## WHAT THIS TASK INVOLVES
Each line from the one that holds "RAL 5010 - Gentian" to the end of the records is to be retyped exactly. Pictures are not part of the copy.

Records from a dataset
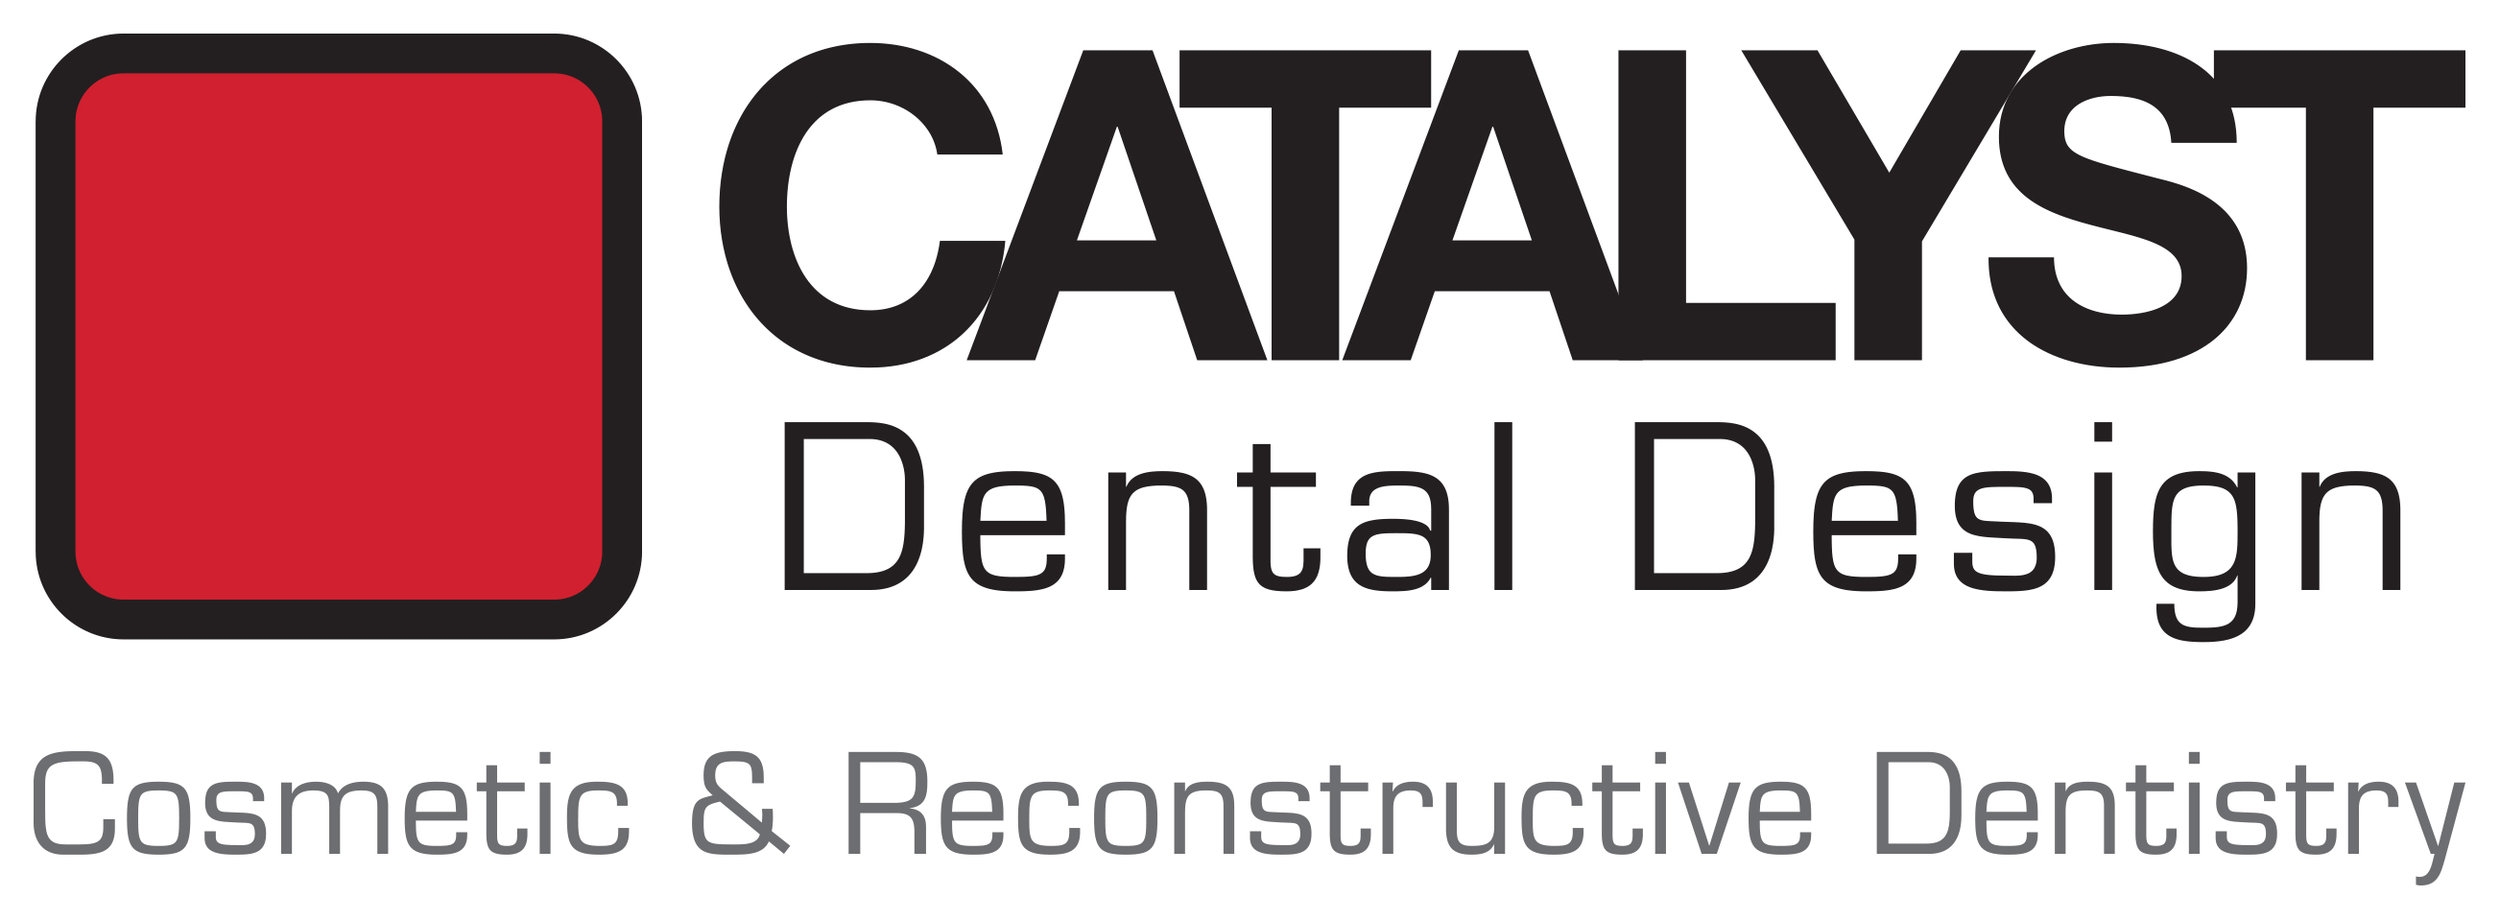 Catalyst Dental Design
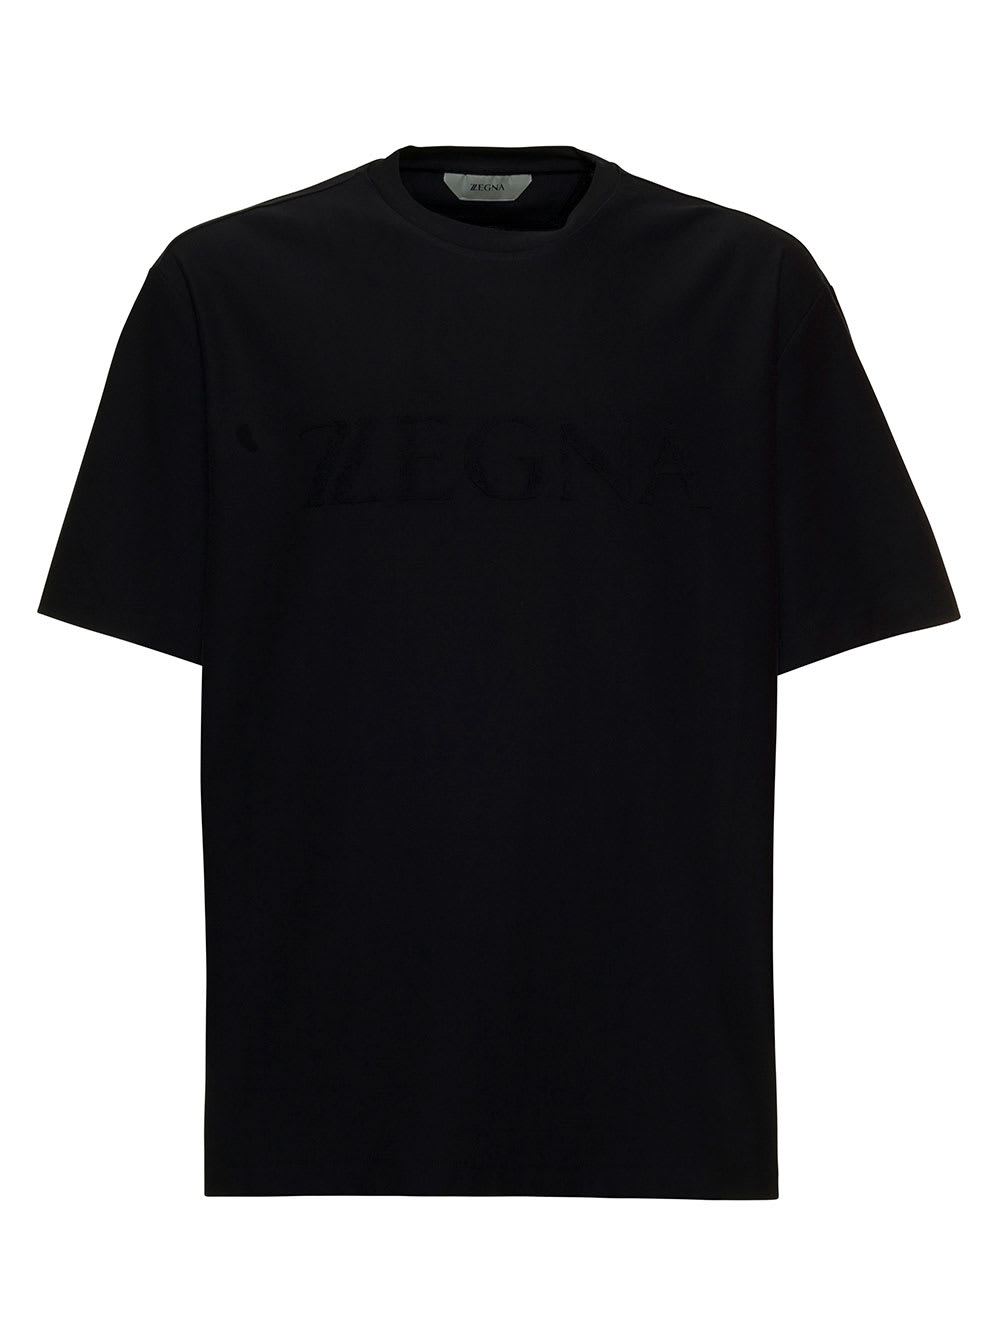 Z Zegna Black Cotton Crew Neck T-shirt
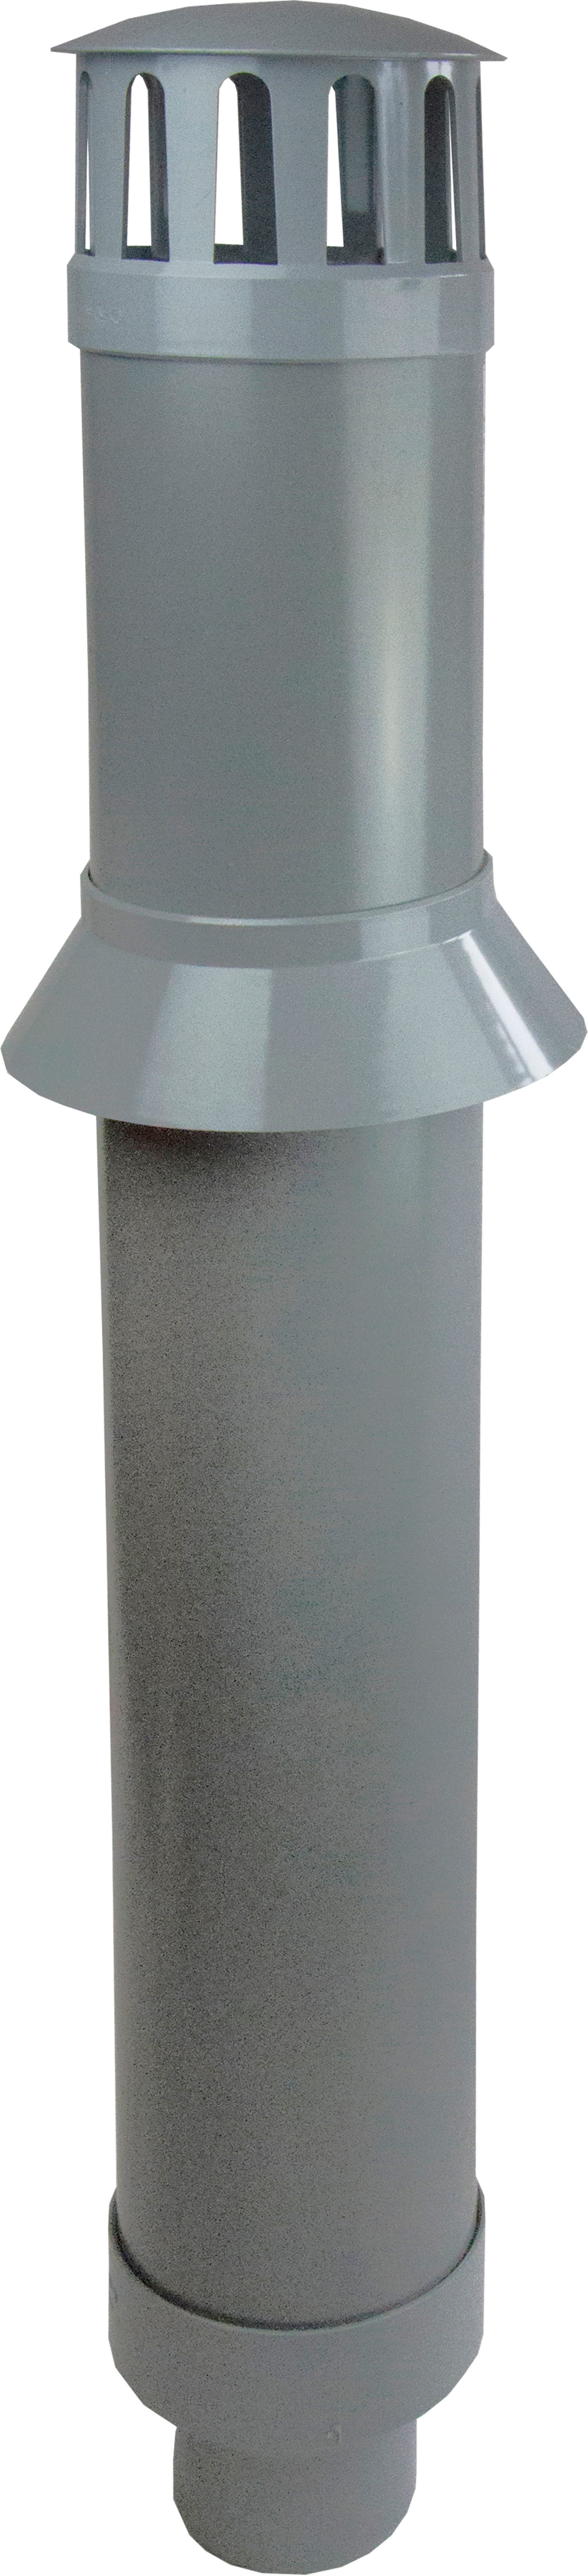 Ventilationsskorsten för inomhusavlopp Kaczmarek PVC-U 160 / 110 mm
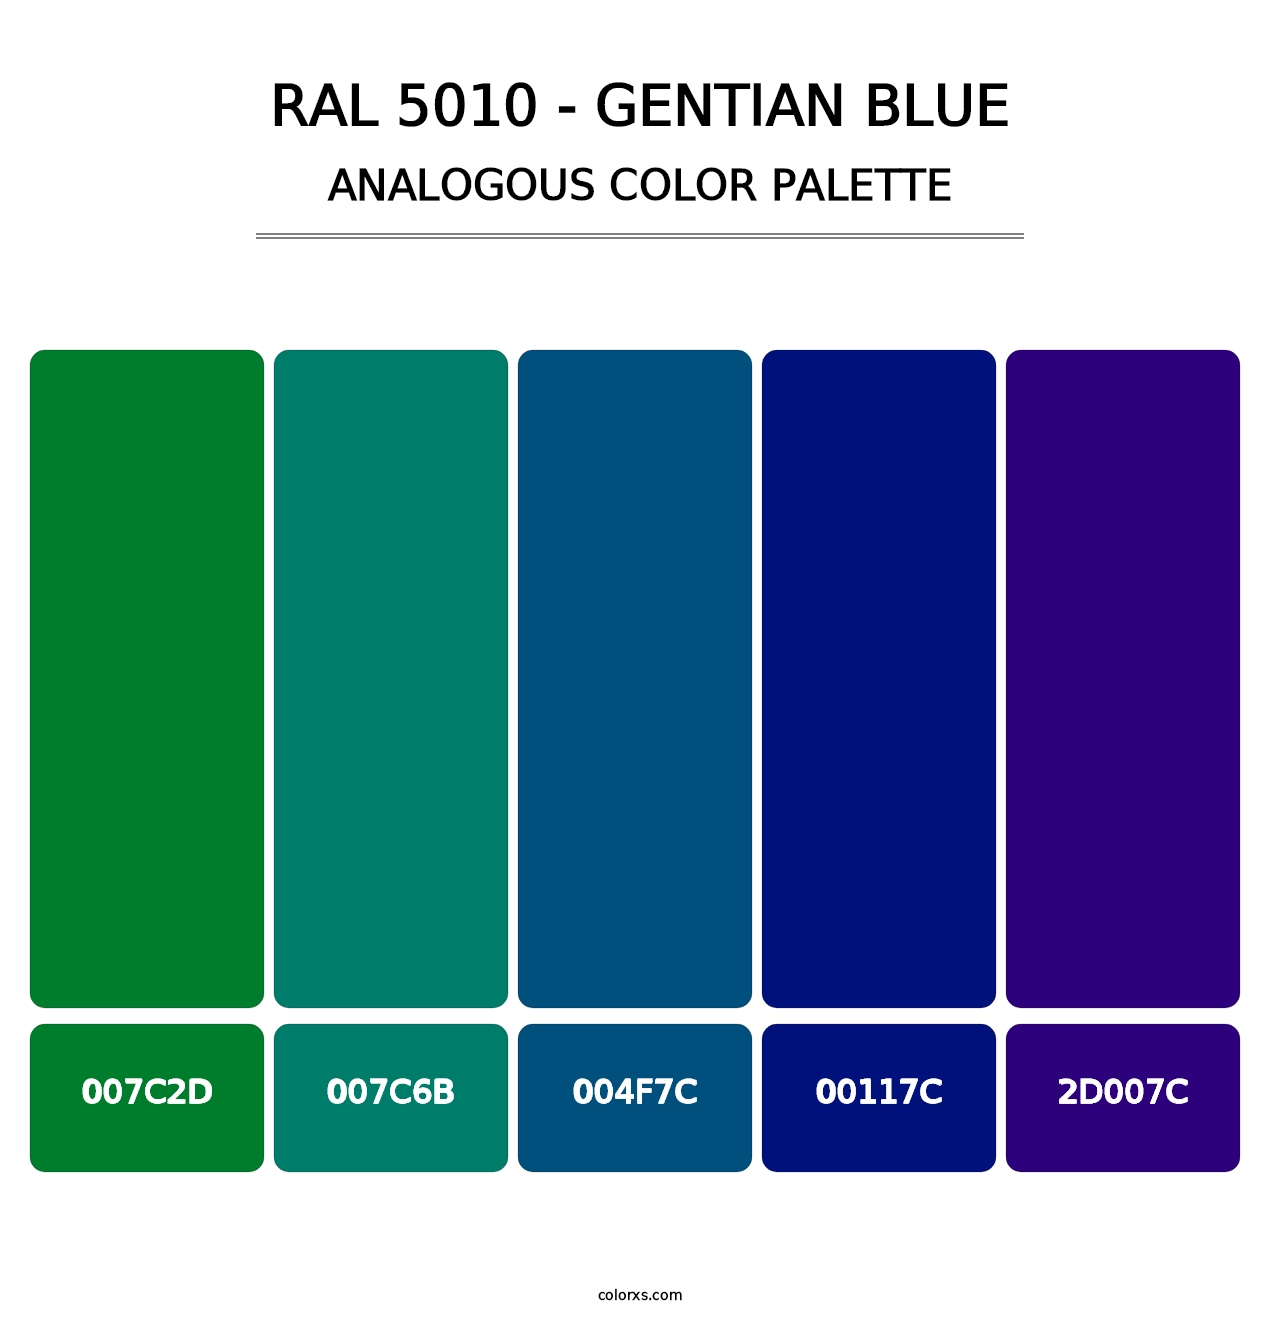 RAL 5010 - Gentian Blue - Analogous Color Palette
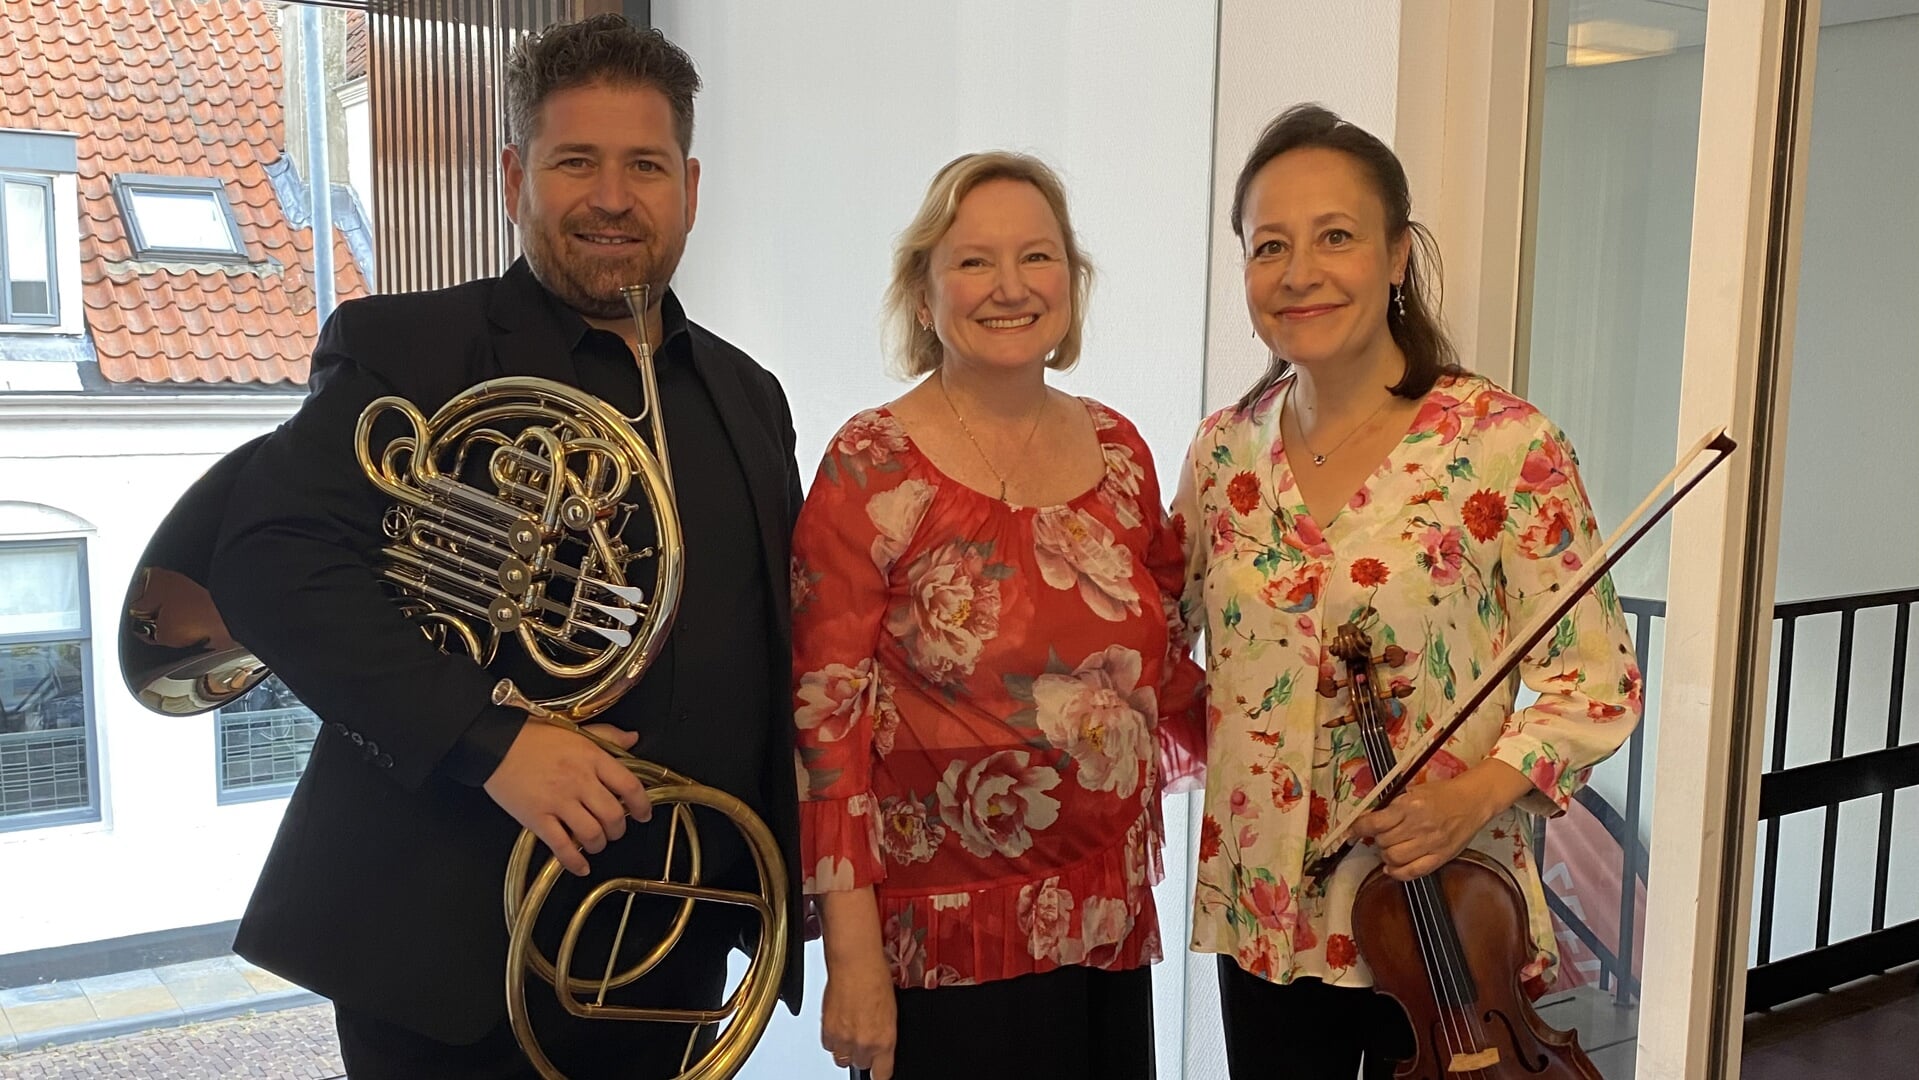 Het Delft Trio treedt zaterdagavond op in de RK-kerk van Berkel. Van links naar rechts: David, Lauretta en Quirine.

## RESULT OF THIS EXERCISE
 RAL 5010 - Gentian Blue - Analogous Color Palette
 Het Delft Trio treedt zaterdagavond op in de RK-kerk van Berkel. Van links naar rechts: David, Lauretta en Quirine.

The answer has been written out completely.